Она и не отвертелась. Приведение приговора в исполнение откладывалось на неопределенный срок, только и всего.

Лучше бы не откладывалось. Лучше бы привели — и дело с концом.

Ей так хорошо жилось все последнее время, что она почти поверила, что это навсегда, что прошлое наконец-то отпустило ее и больше не будет мучительных и тревожных снов-воспоминаний, отчаянных и безуспешных попыток начать все сначала.

Тикали часы, отсчитывая по секунде Сашину жизнь. Из кухни несло какой-то дрянью, то ли вареной рыбой, то ли тухлой капустой — не разобрать. Соседи готовили ужин, перекликались по квартире как в лесу. Хотелось горячего чая, но для этого нужно было встать и выйти на кухню, где в данный момент находился соседский сын, горячий Сашин поклонник, а встреча с ним никак не входила в Сашины планы.

Она редко приезжала домой так рано, как сегодня, обычно засиживалась в офисе дольше самых рьяных уборщиц и почти наравне с программистами, поэтому пылкая любовь соседского сына не слишком ее беспокоила. Кроме того, в ее жизни был Степан. И Вадим.

По крайней мере до последнего времени.

По телевизору шла очередная серия суперфильма «Менты» или что-то в этом духе. Запомнить название не было никакой возможности, потому что герои суперфильма скакали с канала на канал, как блохи, и на каждом канале назывались по-разному.

Размножение клонированием.

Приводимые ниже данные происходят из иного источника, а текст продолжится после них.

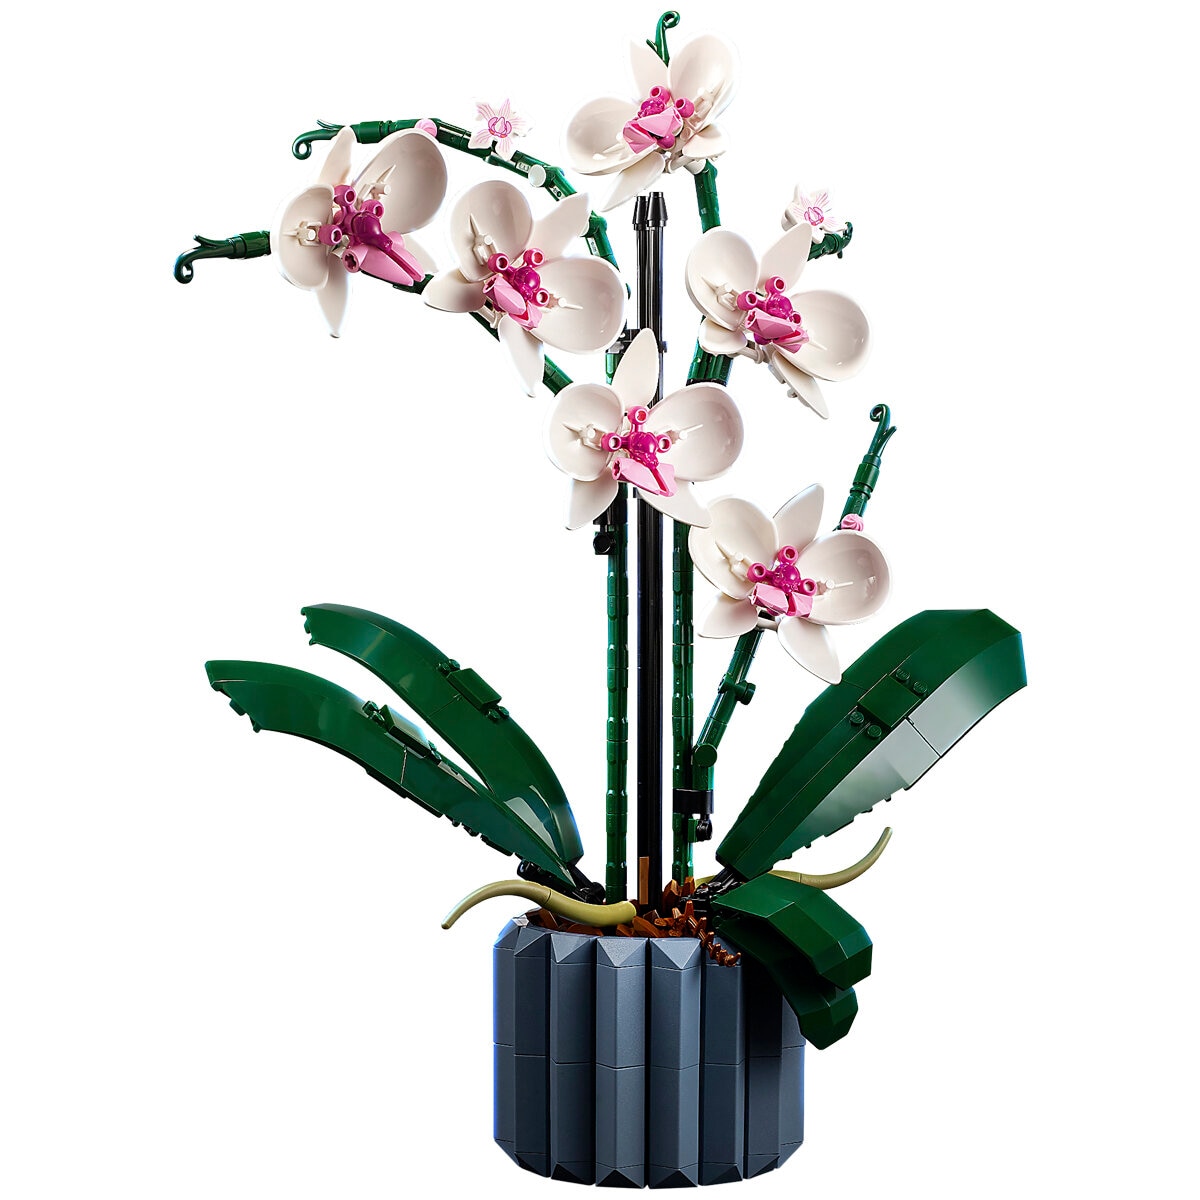 LEGO Icons Botanical Orchid 10311

Вполне во вкусе сегодняшнего дня.

Саша бесцельно переключала программы, потому что клонированные менты были совсем уж невыносимы, хотя в недавней — хорошей — жизни Саша относилась к ним с симпатией.

По второй программе показывали Анатолия Чубайса, который как раз объяснял россиянам, почему в самое ближайшее время в их домах отключат свет. Оказывается, потому, что большинство предприятий задолжало Чубайсу какие-то бешеные деньги. При чем здесь дома россиян, было неясно, хотя Чубайс старательно пытался объяснить или делал вид, что пытался.